Нестор Котляревский - Декабристы
С Пушкиным у Бестужева отношения были не из близких, хотя они и говорили друг другу «ты» и обменивались нередко письмами – правда, чисто литературного содержания. Знакомство их состоялось, вероятно, еще до 1820 года;[140] но Пушкина вскоре выслали, а когда он вернулся, был сослан Бестужев. Условия для дружбы были неблагоприятны. Таковой и не было, а было лишь взаимное уважение, которое не исключало довольно придирчивой, а иногда и несправедливой пикировки в вопросах литературных.
Довольно близкие и дружественные связи были у Александра Александровича с Булгариным и Гречем. Это не должно удивлять нас, если мы вспомним, что и тот, и другой, плывя тогда по ветру, либеральничали и, кроме того, занимали очень выгодное положение в литературном мире, как издатели и редакторы при собственном журнале. Они нуждались в молодых силах и могли давать им ход. В их кабинете, действительно, собиралась тогда пишущая молодежь, и литературное образование, например, Греча могло в известной степени даже импонировать.

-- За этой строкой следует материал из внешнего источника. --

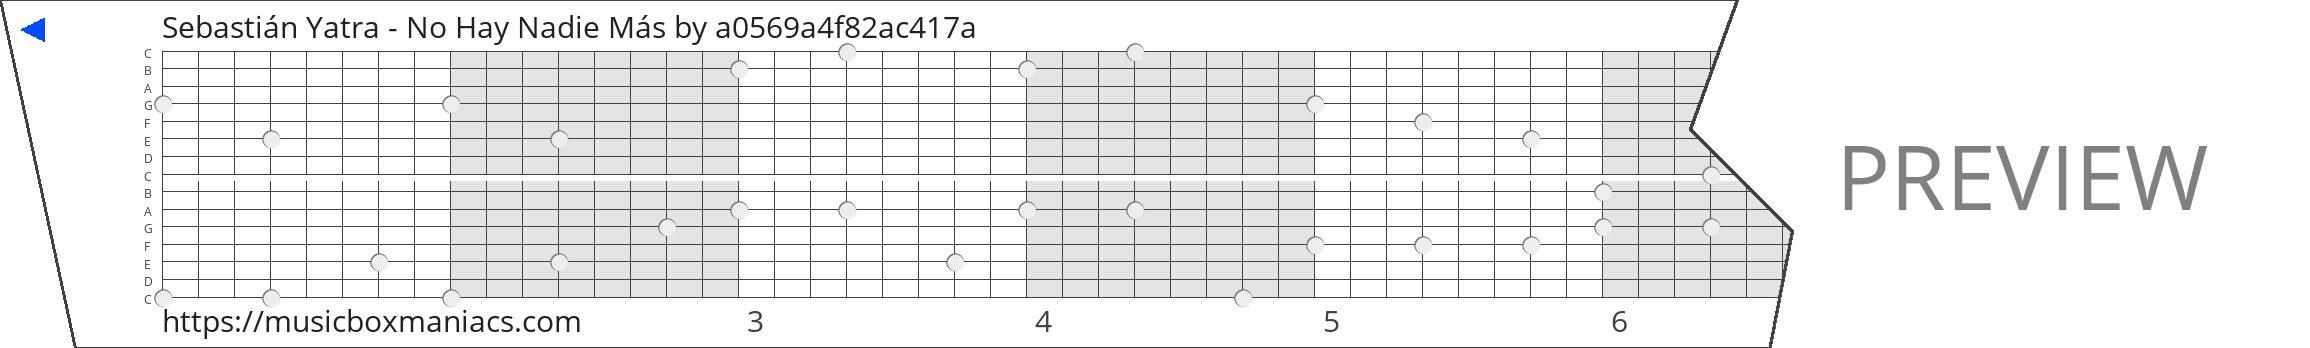 Sebastián Yatra - No Hay Nadie Más 15 note music box paper strip
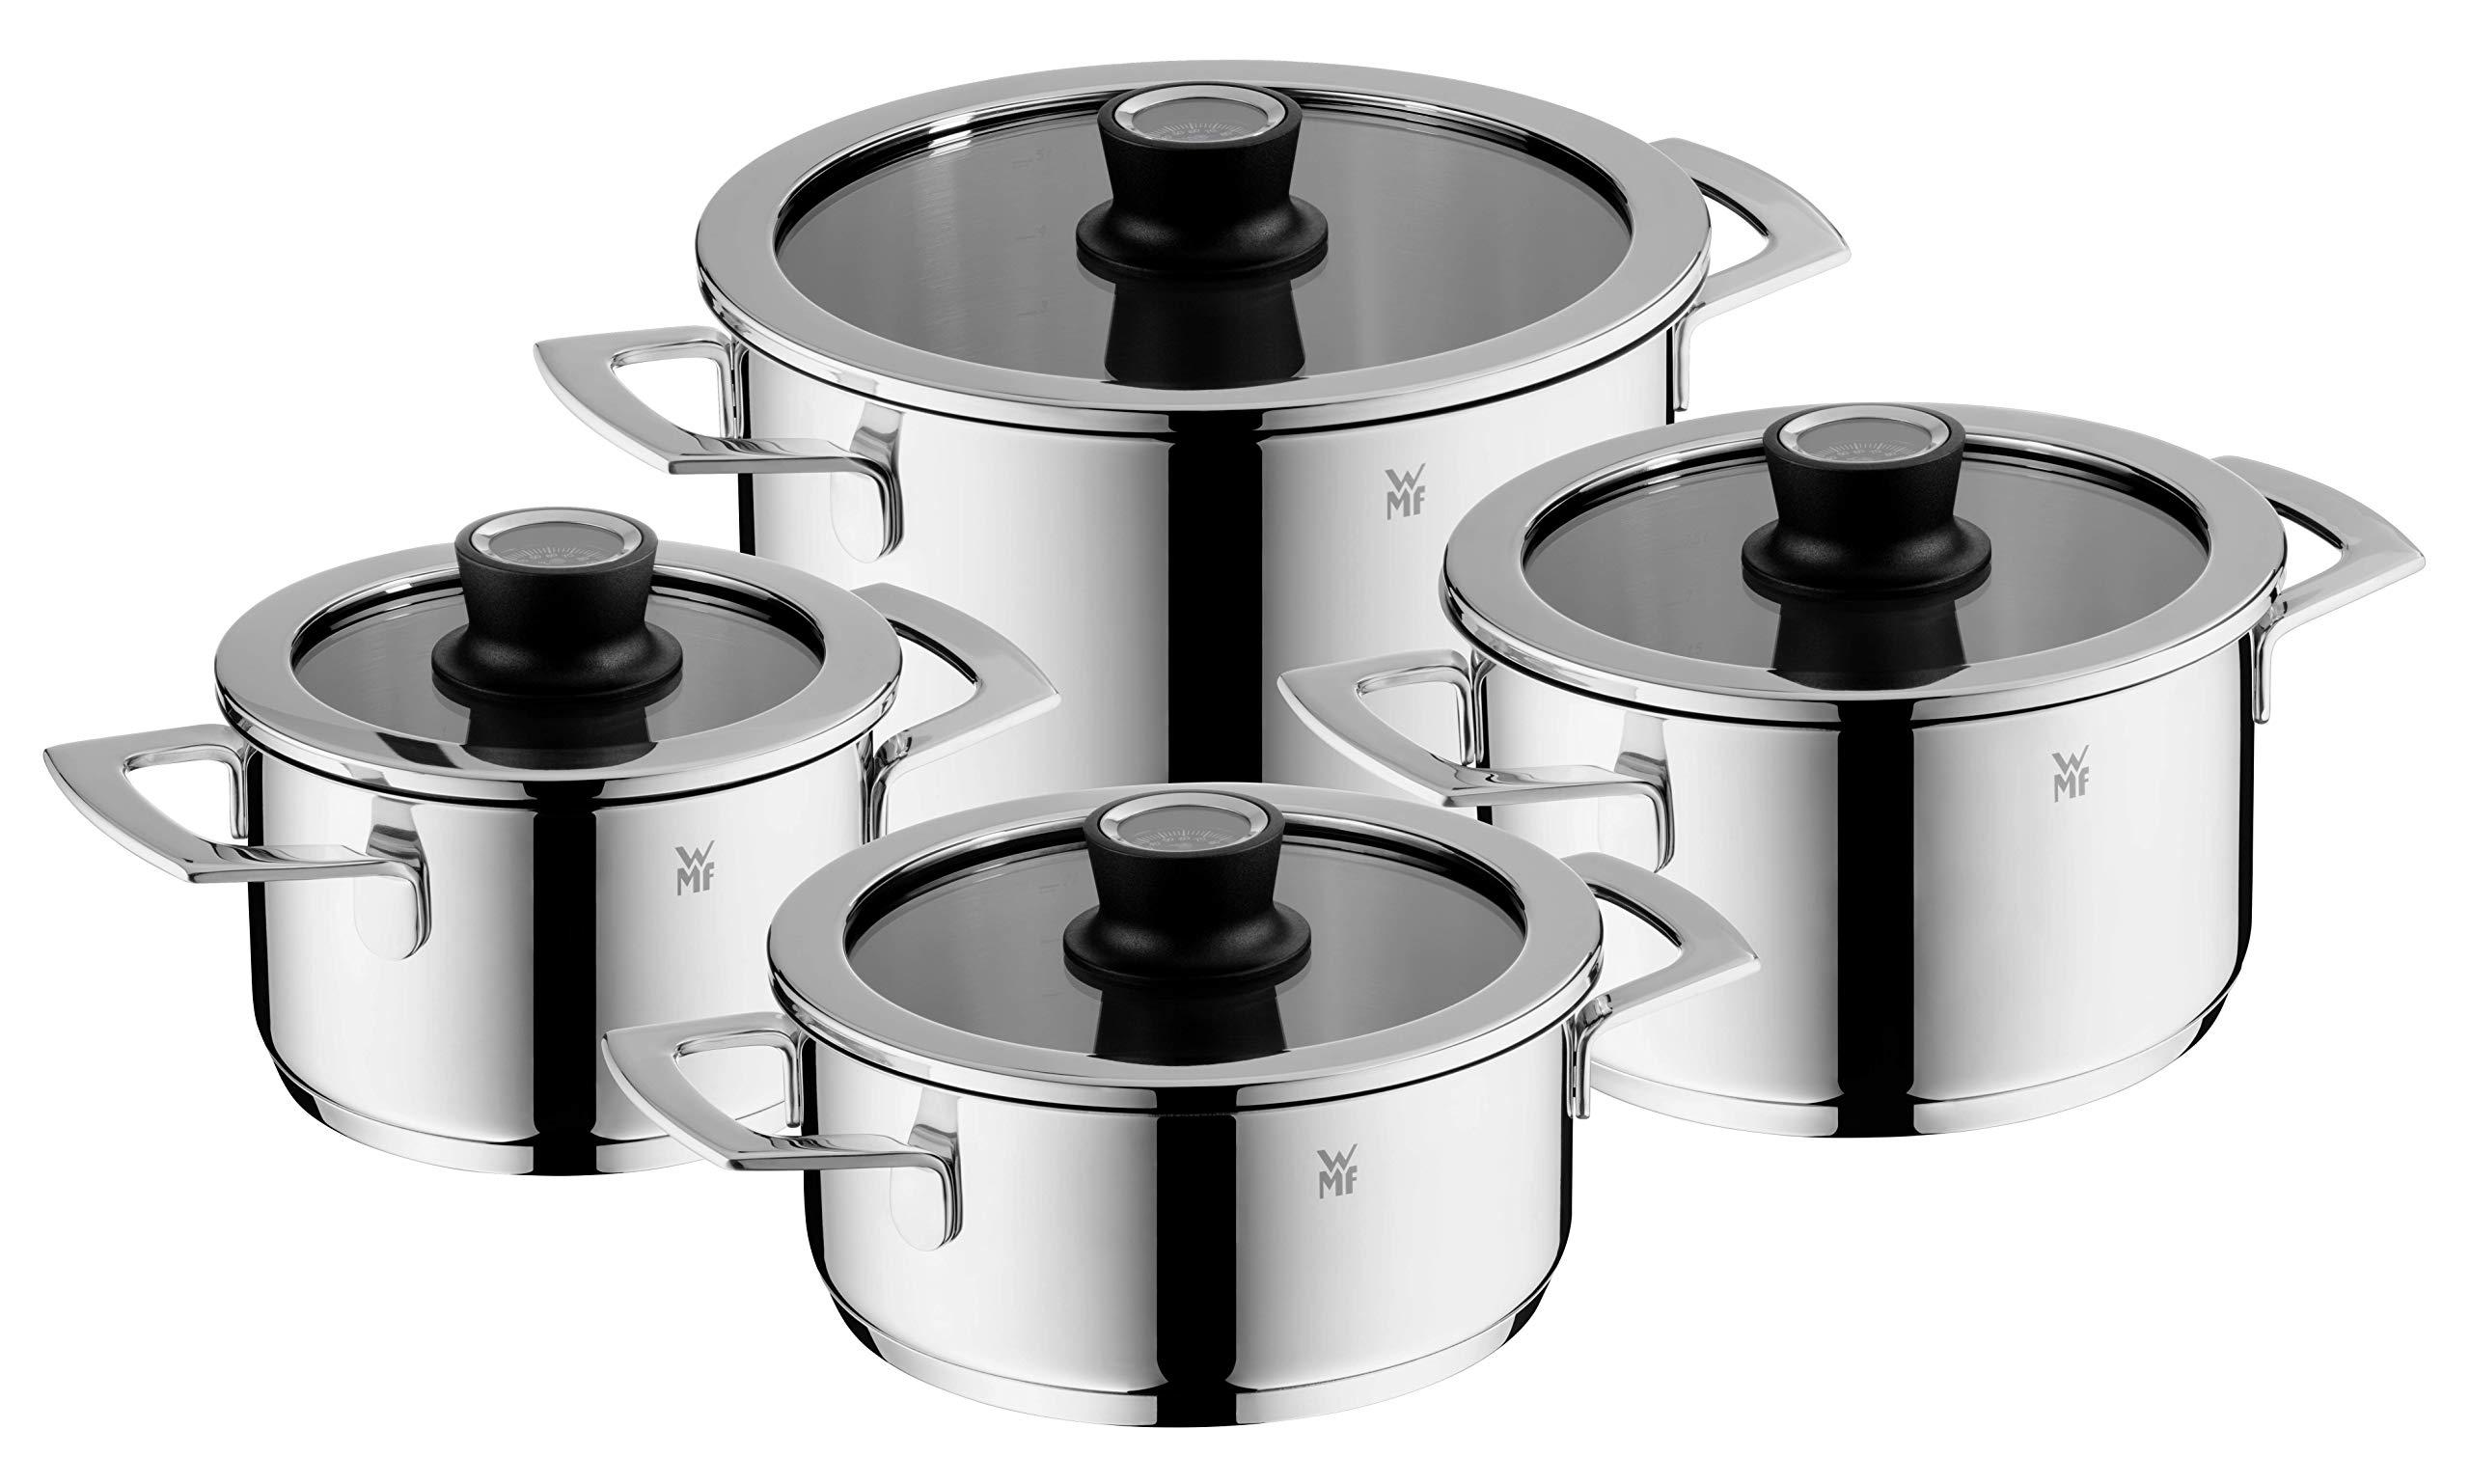 Cacerola Aluminio Cazuela Stock Set Pot Tapa Utensilios de Cocina Cocina Cocina Pan

Надо помнить также, что до 1825 года нравственная и литературная физиономия Булгарина и Греча не определилась настолько, чтобы заставить сотрудников их журналов усомниться в их искренности, их литературной и гражданской чистоплотности. Михаил Александрович Бестужев говорит об отношениях своих и своего брата к Булгарину и Гречу очень определенно, но едва ли верно и справедливо. «Знакомство с Гречем, – пишет он, – началось у брата Александра в 1817 году на корабле “Не тронь меня” и поддерживалось в продолжение всего времени церемонно холодно, потому что с Гречем, как величайшим эгоистом, сближение дружеское было невозможно. Мы, все братья, посещали его дом как фокус наших литературных талантов, любили умную болтовню хозяина, временем горячую полемику гостей и при прощании, переступив порог, не оставляли за ним ничего заветного. О Булгарине и говорить нечего: это был в глазах наших балаганный фигляр, приманивающий люд в свою комедь кривляниями и площадными прибаутками. Брат Александр его посещал довольно часто, но уж вовсе не ради его милых глазок».[141] Память в данном случае изменила Михаилу Бестужеву или он задним числом дал оценку своего отношения к старым знакомым. Александр Александрович говорил о них иначе и писал в одном письме: «Гречу я много обязан нравственно, ибо в его доме развился мой ум от столкновения с другими. Греч первый оценил меня и дал ход. Греч первый после моего потопа предложил мне сотрудничество – это было благородным геройством по времени».[142] В другом письме он говорил: «Греч, так сказать, выносил меня под мышкой из яйца: первый ободрил меня и первый оценил. Ему обязан я грамматическим знанием языка и если реже прежнего ошибаюсь в ятях – тому виной опять он же. Нравственным образом одолжен я им неоплатно, за прежнюю приязнь и добрые советы».[143]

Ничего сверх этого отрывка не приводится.